In comparison with other human organs, the microbial load and its variety are increased in the digestive system, especially in the large intestine (94). This complex intestinal microbiome plays a significant role in both local and distal areas of the body through the production of metabolites, hormonal intermediates, and immunologic cytokines (95). It was shown that higher phylogenetic diversity in the intestinal microbiome raises hydroxylated estrogen metabolites in the urine of a healthy female (96). In postmenopausal females, an increased level of circulating estrogen is associated with increased risk of BC (97). Intestinal microbiome is one of the major regulators of circulating estrogens (98). Therefore, dysbiosis in the gut microbiome potentially disrupts homeostasis through the disruption of estrogen metabolism (98). It is suggested that estrobolome, the bacterial gene mass in the human intestine, the products of which take part in estrogens metabolism, may increase the risk of estrogen receptor-positive BC in postmenopausal females (99, 100). Additionally, it was shown that a decrease in stool bacterial biodiversity leads to estrogen excretion and finally elevation of the BC risk (101). In contrast, an increase in the levels of estrogen metabolites, compared to parent estrogens, estrone, and estradiol, decreases the risk of BC (102).
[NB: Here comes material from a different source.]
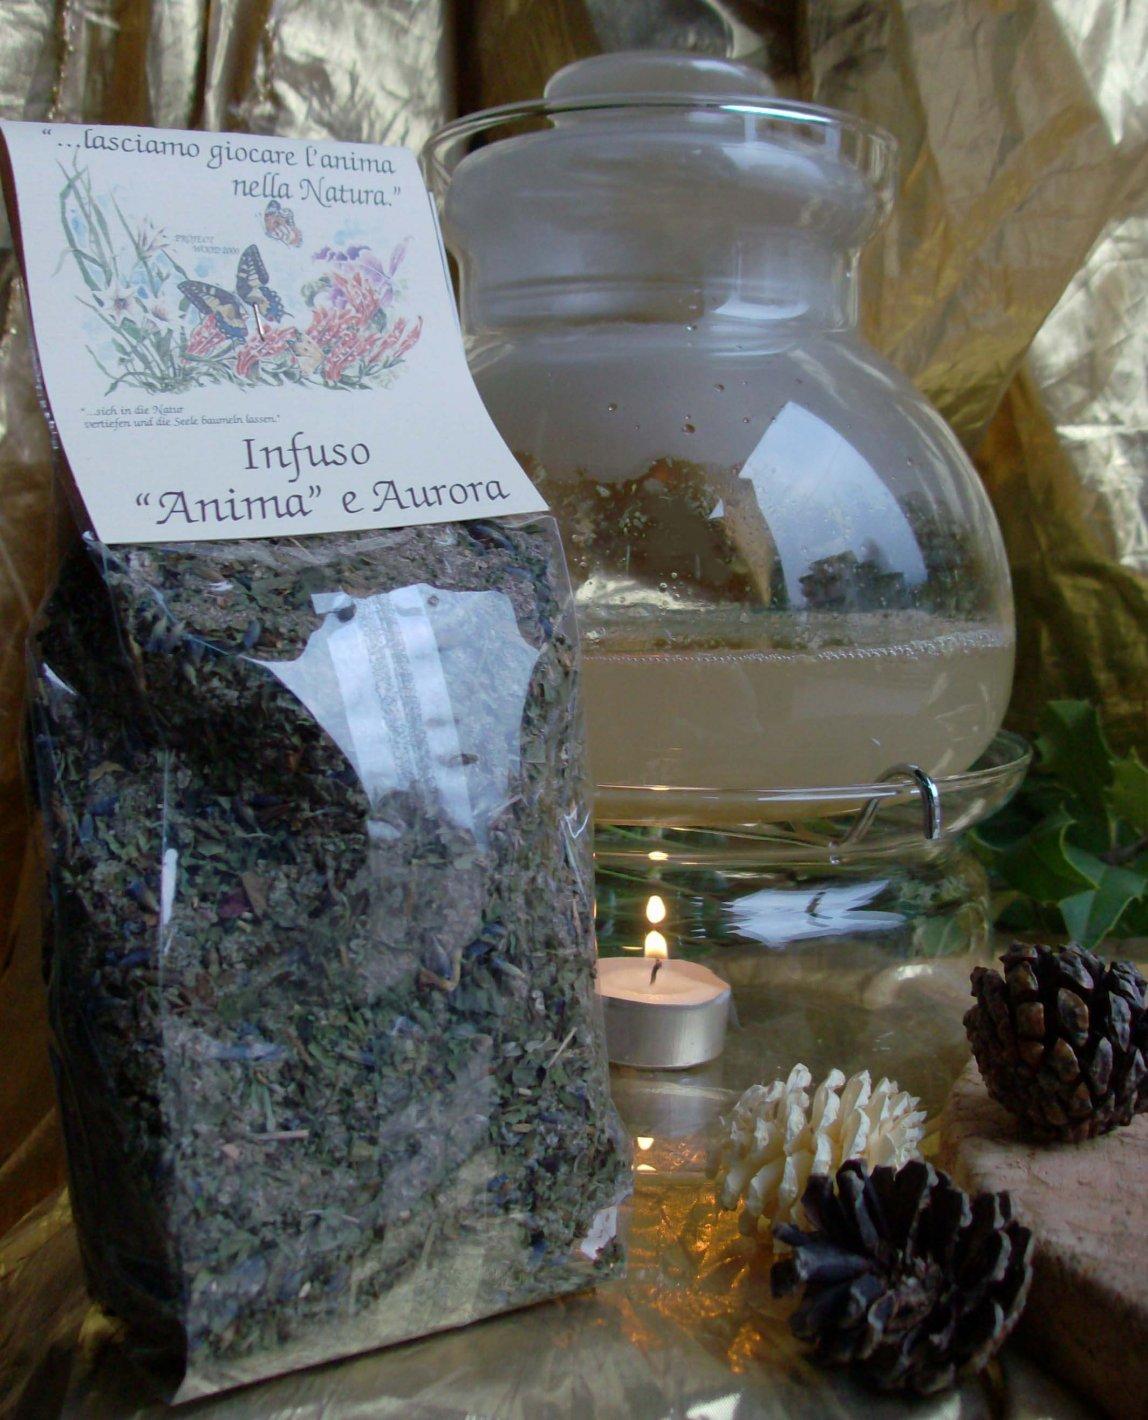 INFUSO ANIMA E AURORA 5.00€ Infuso naturale d'erbe e fiori di Lampone Selvaggio, Menta piperita,Melissa,Lavanda; Ottimo da degustare freddo e caldo
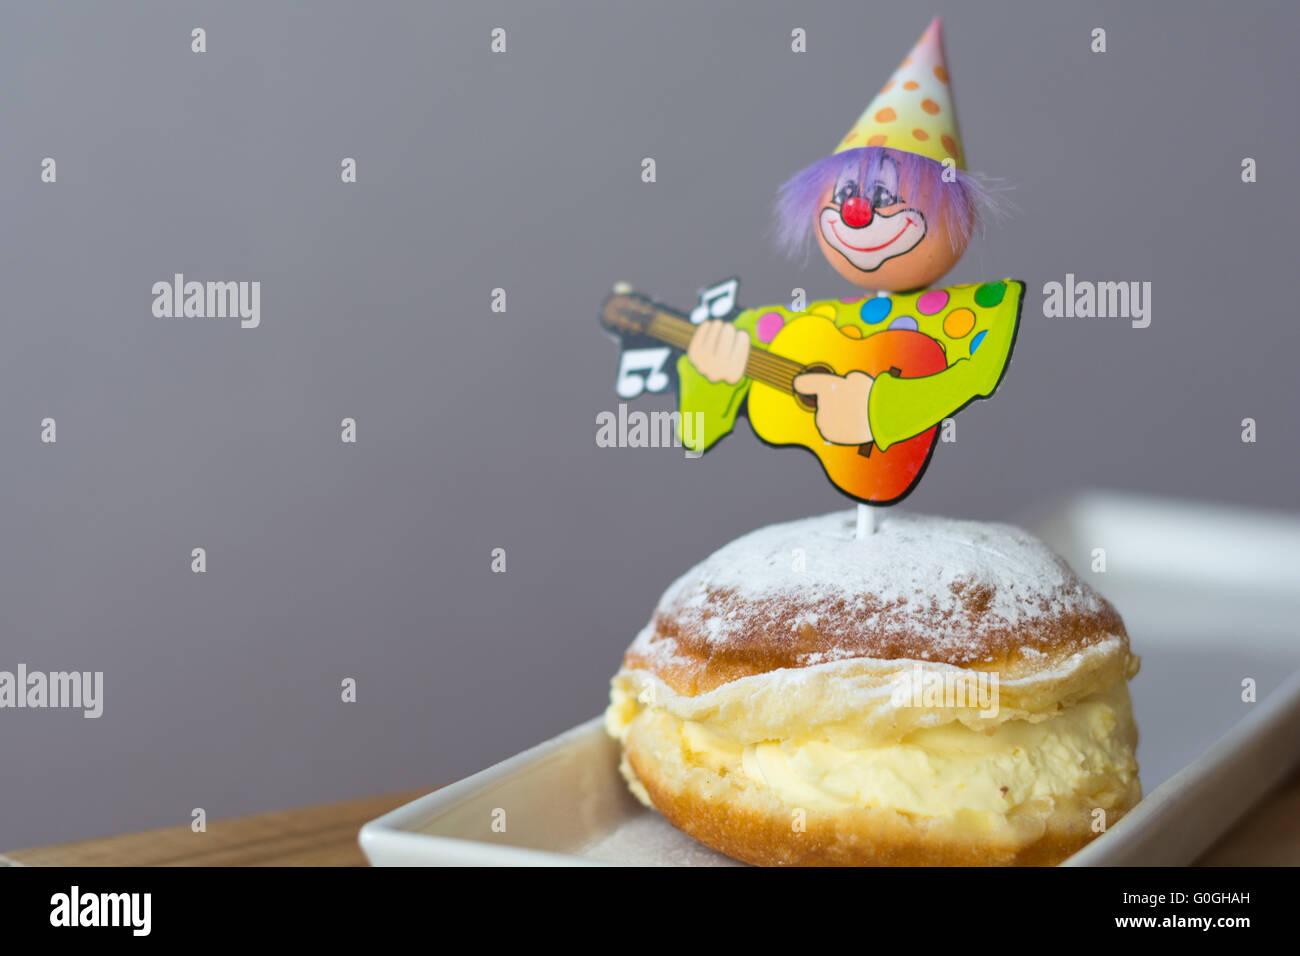 Vanille Donut dekoriert mit Karneval-Figur Stockfoto

Postmenopausal females recently received BC diagnosis, had higher levels of urinary estrogen, which does not correlate with their bacterial biodiversity (40). Compared to controls, postmenopausal patients with BC had significant estrogen-independent associations with the IgA⁺/IgA⁻ gut microbiota, suggesting that the gut microbiome may influence the BC risk by altered metabolism, estrogen recycling, and immune pathway (42).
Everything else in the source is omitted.